Powerball had changed their rules less than a year
earlier, raising the ticket price to $2 from $1 and
adjusting the prizes to match. This seemed likely to impact
sales, so I only used data from after the
rule change in my model. Unfortunately, this left me
with only 90 data points, and this model did not perform
as well as the MegaMillions model.
281 million $2 tickets were sold to win the
big jackpot, but the model predicted 54% more: 435
million. I'd predicted a ticket's expected
value for that big drawing
would be 67.3 cents; in reality, it was 83.3 cents --
still well short of its $2 price.
The models weren't perfect, but I think their
fundamentals are sound, and they're much
improved from 2011 now that we have new data points
for huge jackpots.
But, perhaps more importantly, these two tests
demonstrated the most important feature of my analysis.
Before the big 2012 jackpots,
every lottery we'd seen had followed the rule
that a bigger jackpot made for a more valuable ticket.
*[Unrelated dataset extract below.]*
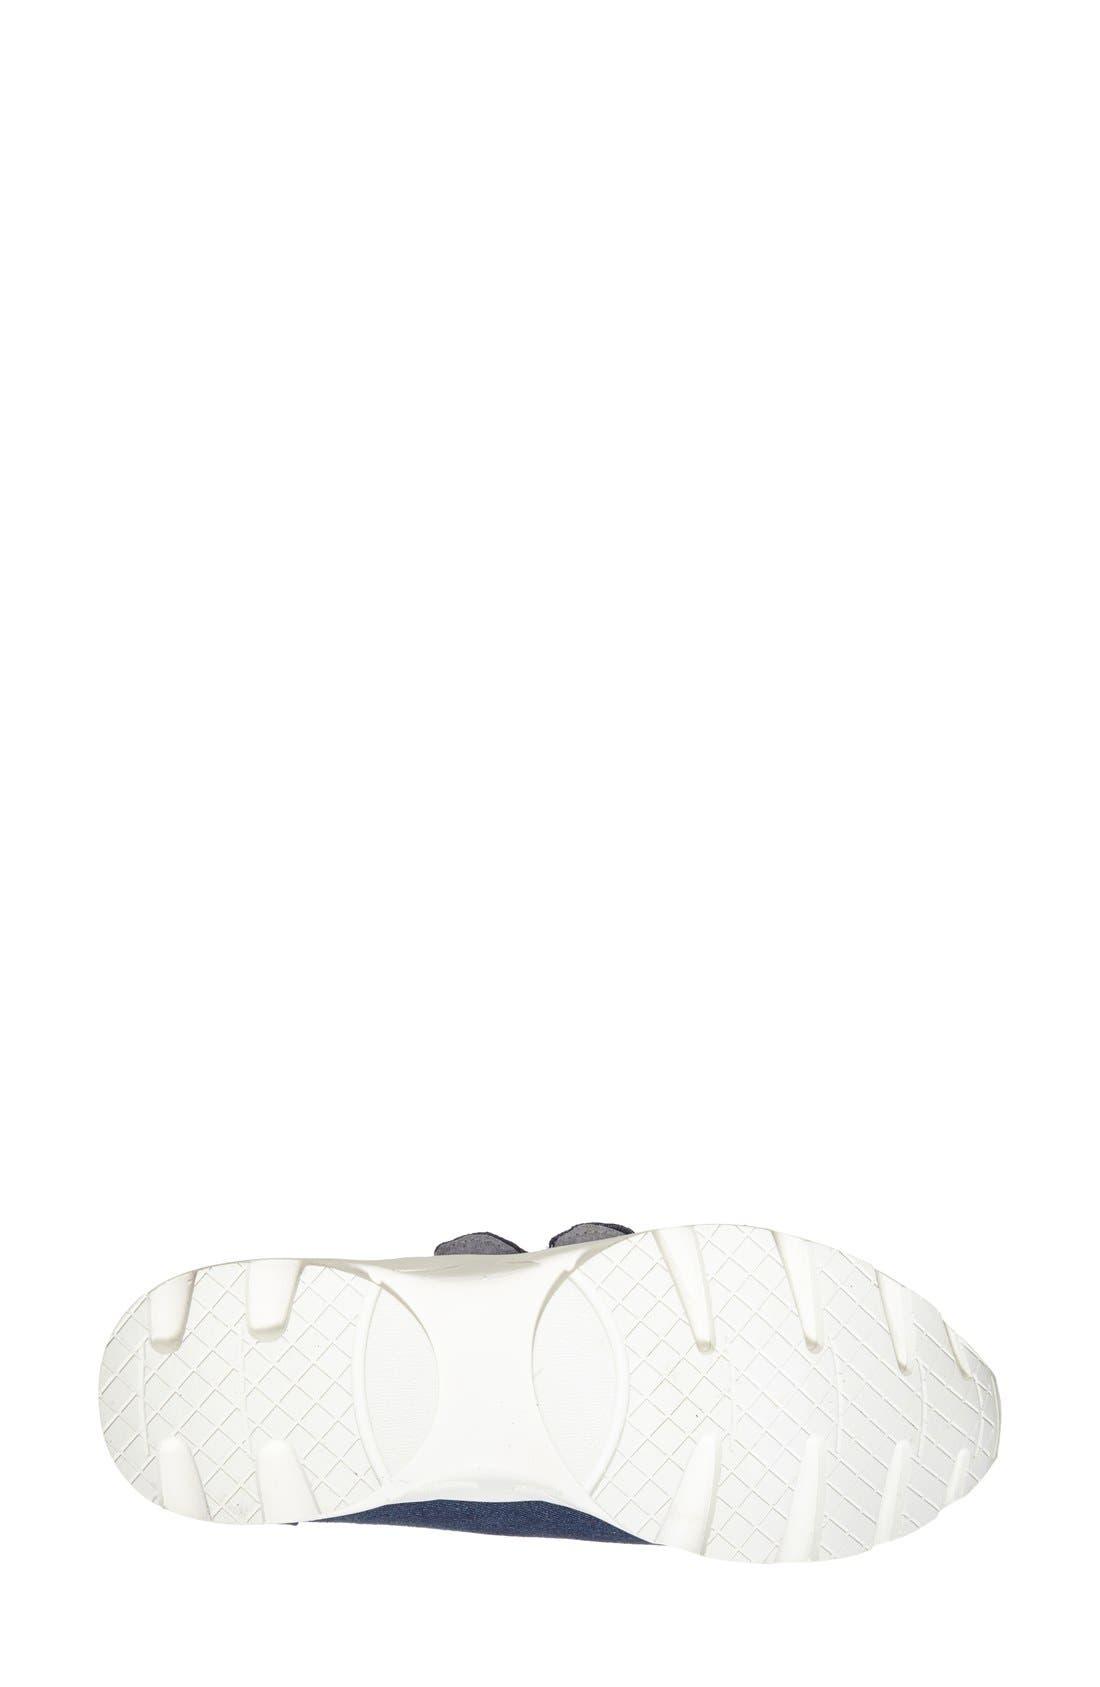 'Lucille 2' Open Top Sneaker,                             Alternate thumbnail 3, color,                             487

The idea that superlinear sales would force the value
of a ticket back down again was speculation based
on my model of sales trends.
But we've now seen two jackpots above half a billion
dollars, and my prediction came true:
sales were so strong that the negative effect of ties
overwhelmed the positive effect of having a larger
prize. These two drawings are the first
that are past the peaks seen on the
jackpot-vs.-value graphs --
proving that the peaks exist.
Still, it bears repeating that this analysis rests
on our ability to predict future lottery
sales based on the history of previous sales.
Past $640 million, we have no evidence.
Who knows what will really happen
when a billion-dollar jackpot finally happens?
Maybe with a big enough prize,
the market will saturate --
everyone who knows how to
buy lottery tickets has bought
all the tickets they can afford
and the sales curve gets flat.
For the last word on this topic, however, I
cede the floor to
Durango Bill,
who
aptly observes
that driving to the store to buy a Mega Millions ticket
is more likely to be fatal than it is to make you rich.
That's why I plan to walk.
Jeremy Elson is a computer
science researcher who spends his time outside of work
riding bicycles, flying airplanes, building
electronics, and playing with Mathematica. (This work is a
personal project; I do not speak for my employer.)